Non, non. Je parlerai anglais. Ma femme est anglaise, mes enfants sont citoyens britanniques. Pour moi, la langue est un instrument – parfois un instrument de culture, parfois un instrument de politique.

Selon la loi, l’ukrainien est la seule langue officielle en Ukraine. C’est la raison pour laquelle je parle ukrainien lorsque j’organise des événements publics en Ukraine.

Parleriez-vous russe lors d’événements publics en Ukraine s’il en était autrement?

Non, je ne le ferais pas. La langue ukrainienne est la protection la plus évidente de l’identité ukrainienne et de l’indépendance ukrainienne. La Russie a réussi à forcer la Biélorussie à avoir deux langues officielles, le russe et le biélorusse. Que s’est-il passé? En Biélorussie, les personnes qui parlent le biélorusse dans la rue sont considérées comme des nationalistes extrêmes et font l’objet de moqueries.

Est-ce que cela libérerait la langue russe en Ukraine si l’invasion russe était stoppée?

Si l’on s’en tient aux posts sur Facebook, le russe est la langue de l’ennemi. Et ce, même si la moitié des soldats ukrainiens sur le front sont russophones. Mais la plupart des Ukrainiens russophones savent qui est responsable de la mauvaise réputation de leur langue. Poutine pousse l’Ukraine à perfectionner son identité ukrainienne plus rapidement que cela n’aurait été le cas autrement.

Les médias sociaux sont une sphère décisive. Même lorsque vous êtes ici, à Genève, vous publiez des informations sur l’évolution de la situation en Ukraine, par exemple sur les bombardements sur Kiev.

Mes enfants sont à Kiev, comme la plupart de mes amis. Je suis inquiet chaque nuit, car chaque nuit nous devons nous attendre à des bombardements et des explosions. Tout le pays vit ainsi, menacé par la Russie, en danger de mort.

Mais le monde entier le sait et voit comment les Russes tuent les civils ukrainiens et occupent leur territoire. J’espère que cela influencera également les décisions de la Suisse.

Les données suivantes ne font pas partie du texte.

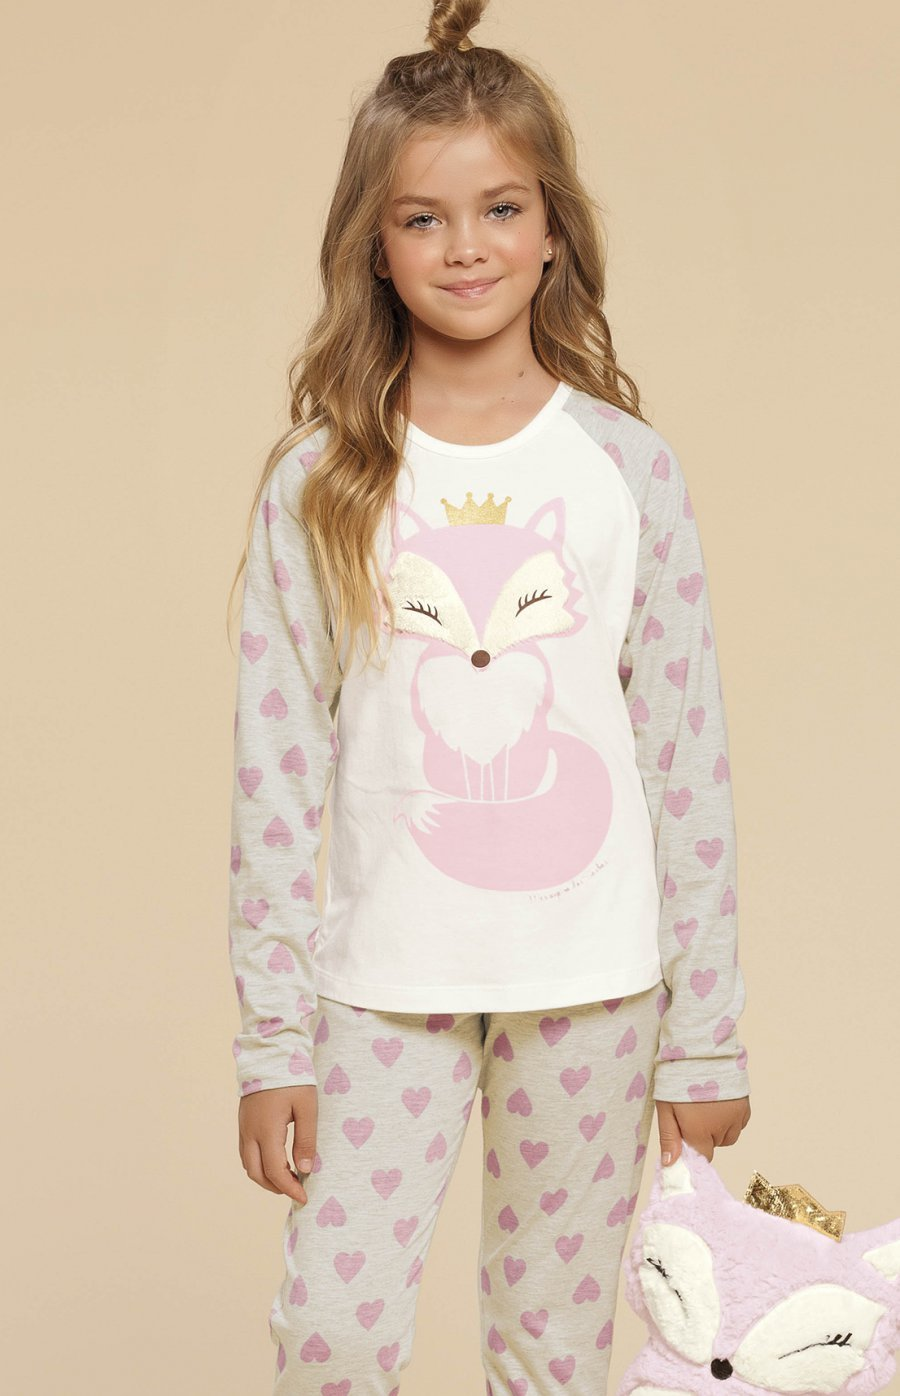 Pijama Infantil Meia Malha Com Calça Afunilada Raposinha Inverno 2019 CLOUD CLUB

On ne peut pas simplement témoigner d’un meurtre en silence.

Vous parlez de la position de la Suisse sur les exportations d’armes indirectes?

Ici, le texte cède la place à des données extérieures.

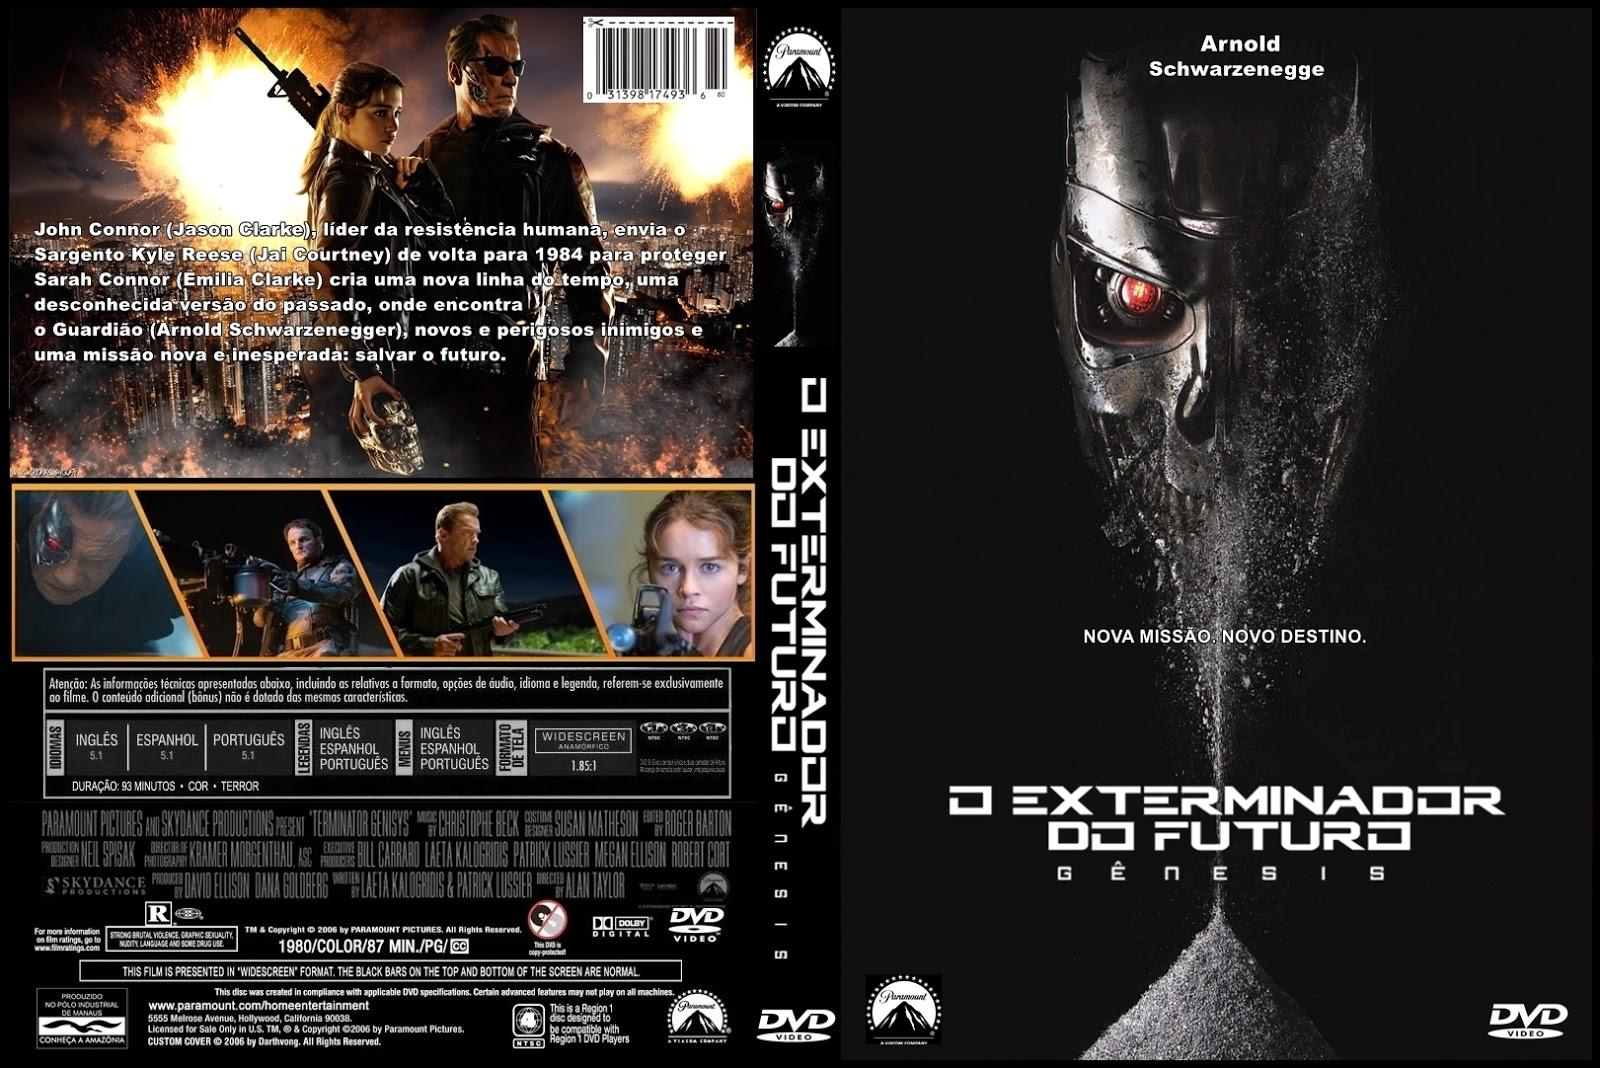 Download O Exterminador do Futuro Gênesis DVD-R O 2BExterminador 2BDo 2BFuturo 2B  2BG 25C3 25AAnesis 2B 25283 2529

Sur les questions humanitaires, sur les armes, sur tout. J’espère aussi que la Suisse participera à la reconstruction de l’Ukraine et aidera le pays à devenir membre de l’Europe. La Suisse n’est pas membre de l’UE, mais c’est un pays important, notamment sur le plan financier.

En Suisse, certains hommes et femmes politiques de gauche demandent la confiscation des fonds russes.

Je ne suis pas spécialiste. J’espère seulement que les banques suisses ne deviendront pas des plaques tournantes pour les fonds criminels russes utilisés pour corrompre les institutions européennes et les partis politiques d’extrême gauche et d’extrême droite, afin qu’ils représentent les intérêts de la Russie. Cela va devenir important. Mais je suis sûr que les autorités suisses sont au courant de ce qui se passe en Suisse.

Vous êtes connu pour votre vision critique de la politique ukrainienne. Dans «Journal d’une invasion», vous brossez également un portrait nuancé du président Zelensky.

Le président Zelensky bénéficie d’un grand soutien. Bien sûr, il est aussi beaucoup critiqué, entre autres par des intellectuels, car l’Ukraine est composée d’individus – et non de masses collectives comme la Russie. Plus de 400 partis politiques sont enregistrés en Ukraine. En Ukraine, on discute non-stop, on critique non-stop. Le prochain président, la prochaine présidente connaîtra la même chose. Le fait est que: Zelensky est le président d’un pays en guerre. Et il fait bien son travail.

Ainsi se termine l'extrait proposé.